Jacob and I cleaned almost all the 64 speckled trout and white trout — a majority of them from Broussard’s boat — at the Yacht Club. Broussard, we discovered, has fished with a mutual friend of ours and also learned how to clean speckled trout quickly and efficiently from charter boat captain Jeff Poe over on Big Lake.
We ended the trip relaxing as Broussard’s guests in the Yacht Club, a fine place with a great view. It was interesting to see the row of photos of past commodores, many from in and around New Iberia.
Bill, 55, Keith, Jacob, and I couldn’t thank Broussard and Bergeron enough for the day. It was a great way to start four days of fishing sunrise to sunset, then eating crawfish etouffee cooked by my wife, June Boutte Shoopman, on Wednesday, po-boys and boudin from Bi-Lo Supermarket on Thursday, June’s red beans and rice on Friday and her lip-smacking chicken and sausage gumbo on Saturday.
It was bass fishing or bust the next three days, starting Thursday at Lake Dauterive Boat Landing, then going to Myette Point Boat Landing on Friday and Saturday. We got into a routine to get up and out of the house around 6 a.m. each day.
Bill found a radio station he liked because it played Cajun music in the predawn hour we were on the road pulling a boat each morning to one of our fishing destinations. He was able to pull several words from the commentary of the Cajun French-speaking host and enjoyed those minutes listening to music and a beautiful dialect.
A couple links of fresh, hot boudin really made the start to his day a good one the morning we stopped at Dago’s Mobil & Grocery in Lydia on the way to Cypremort Point. He got into boudin for breakfast about eight years ago during an early morning visit to Blanchard’s in Coteau Holmes on the way to Bayou Benoit Boat Landing.
Keith, 51, sipped his coffee each morning and took it all in.

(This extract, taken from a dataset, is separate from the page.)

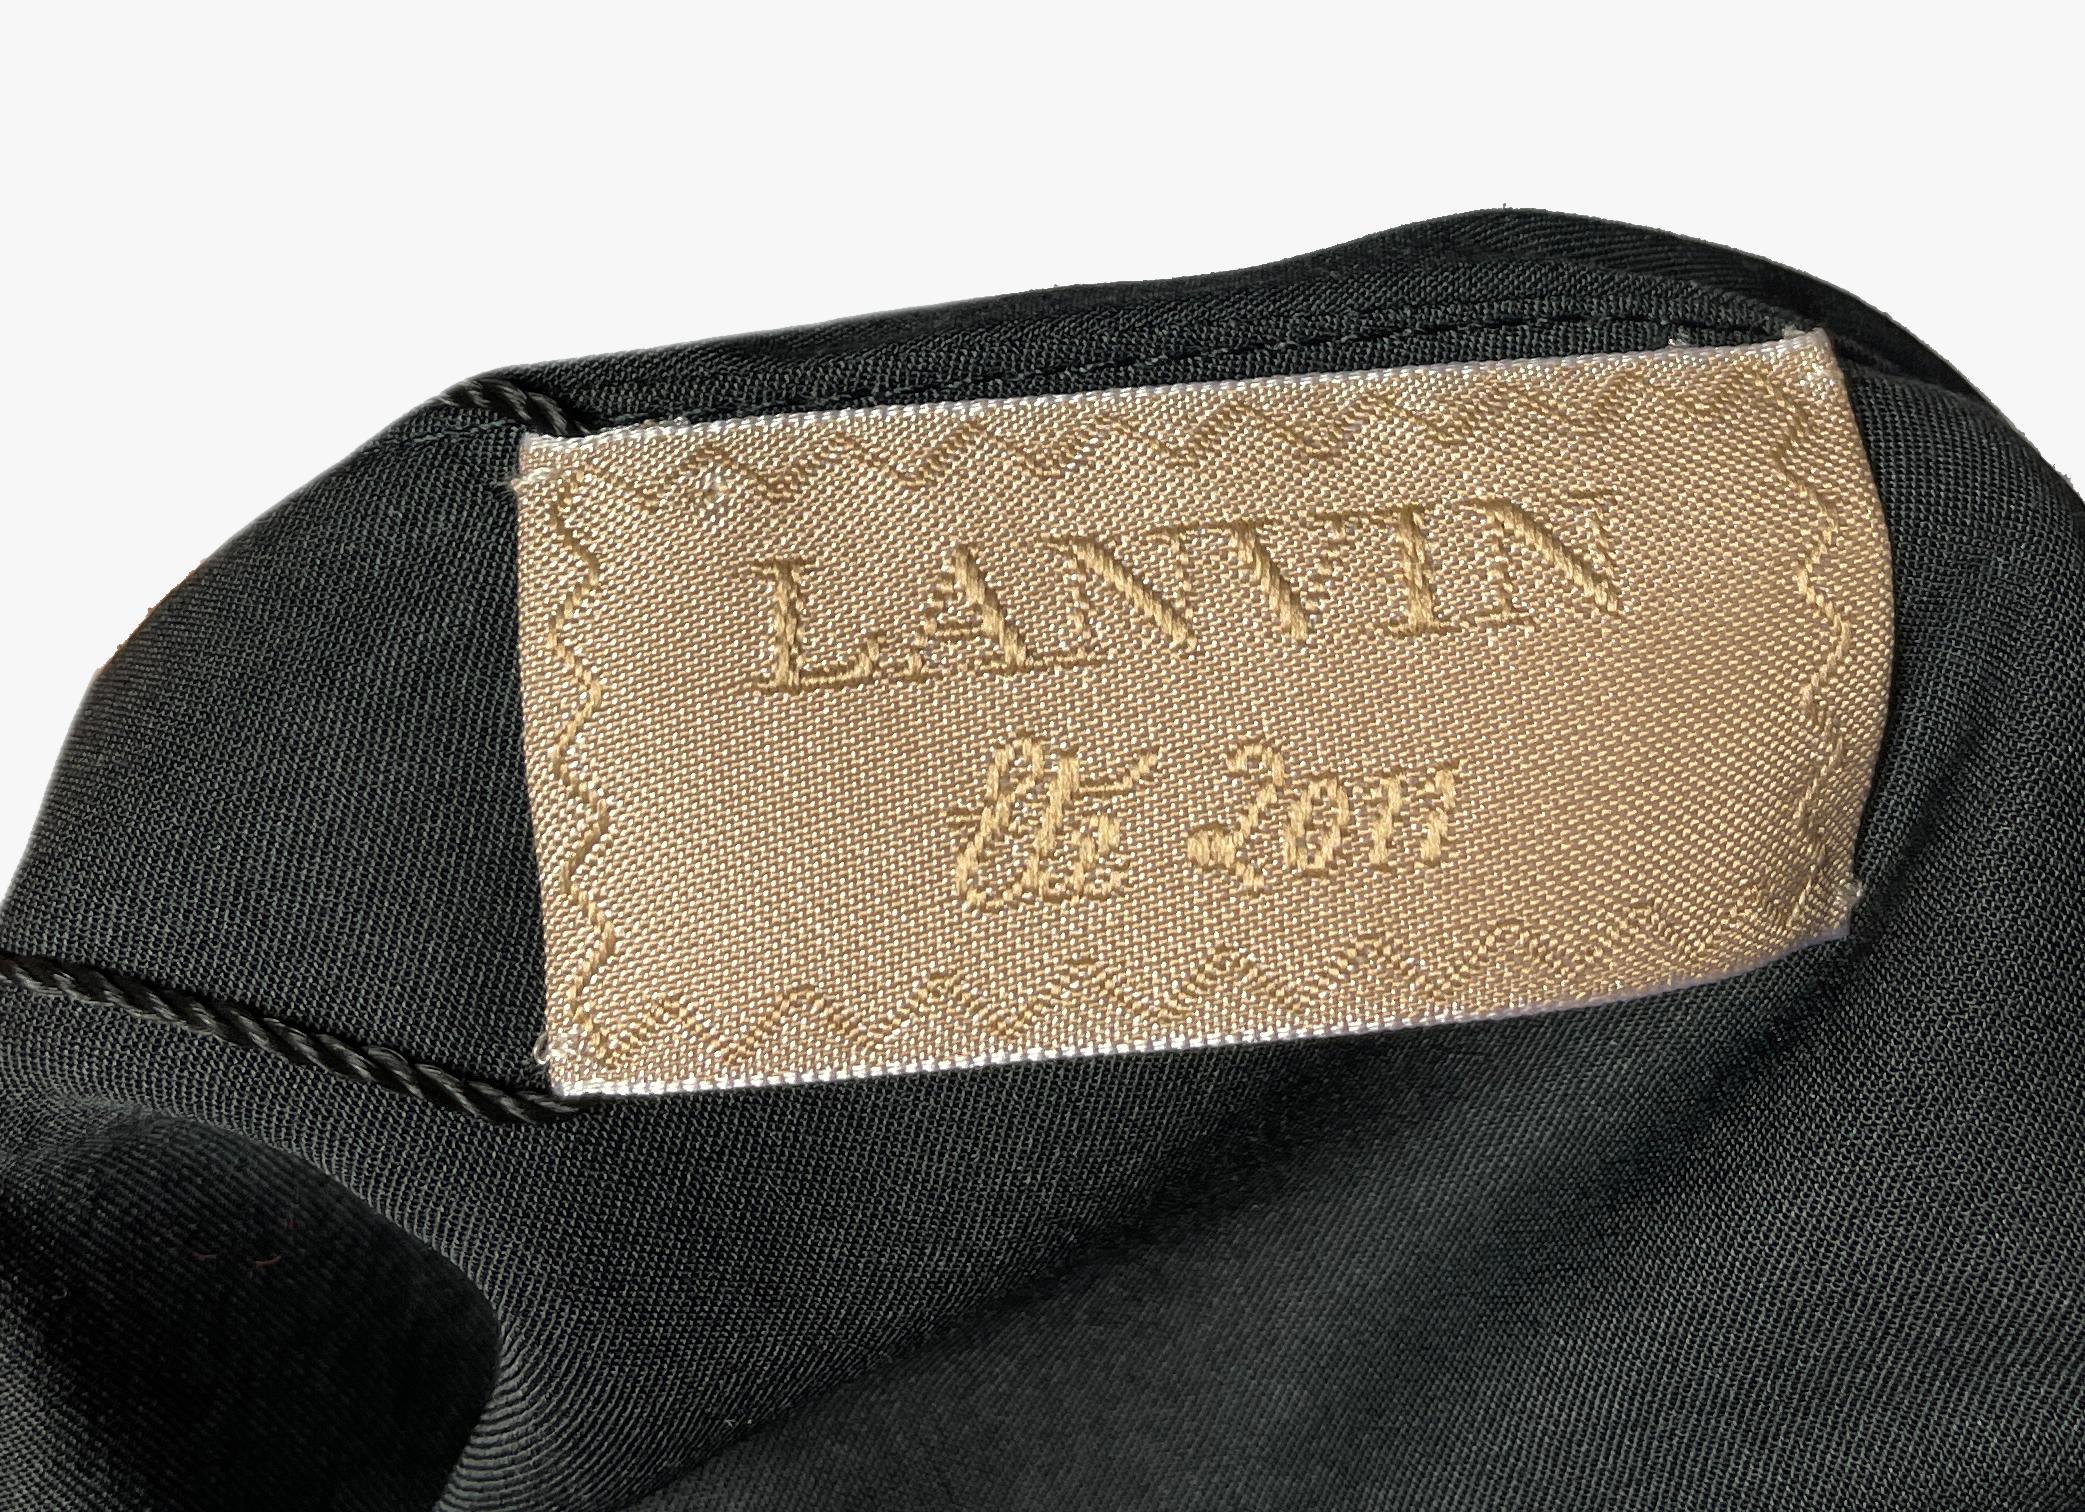 Lanvin One-shoulder Dress, 2011 For Sale 2

He is a man of few words, spoken or written.
Lake Dauterive-Fausse Pointe gave up some nice, nice bass just a few hours after a major, noisy cold front roared through the area Oct. 18. The clouds dispersed, however, to give way to a bluebird sky and you know what that means.
We pulled most of our keeper bass on spinnerbaits early off cypress trees in Lake Dauterive (thanks for the tip, Tee-Roy Savoy), then went to the Honey Hole and Little Dogleg before going to the cove near Peche Coulee, where we lunched on Braunschweiger sandwiches, and left for the Ceabon Canal and “back borrow pit” along the West Atchafalaya Basin Protection Levee.
The Shoopman Boys went on the other side of the levee the next day, to Miller’s Chute, Ruiz Canal and the Sugar Mill. Despite post-cold front conditions, the bass bit on crank baits and spinnerbaits, mostly.
My brothers love the Atchafalaya Basin with its scenery that takes your breath away. They’ve spent many hours on previous outings fishing in Grevemberg, Rock Pile, Crew Boat Chute, Beau Bayou, Mama’s Pond and Sandy Cove Pit, all places that are impossible or difficult to access this month because of the prolonged low-water conditions.
But they got a highly scenic treat the next day when Mike Sinitiere took Bill in an aluminum bass boat borrowed from Malcolm Crochet of Loreauville (thanks, Malcolm) and Keith rode with me in my 17 1/2-foot aluminum bass boat with the recently rebuilt boat trailer. Sinitiere took us east of the Atchafalaya River to the Bayou Long area, where he and his partner caught dozens of bass on spinnerbaits and soft plastics and we all fed on Bill’s notorious homemade sandwich spread.
The time in the overflow swamp thrilled both brothers, especially Keith, who said he saw more alligators than ever while fishing on this trip. Unlike two years ago, when we broke down on the way to Oak Ridge, there was no mechanical breakdown.
Bill and Keith left a week ago today with three bags of speckled trout filet apiece. They also took more great memories of a special part of the country.
DON SHOOPMAN is outdoors editor of The Daily Iberian.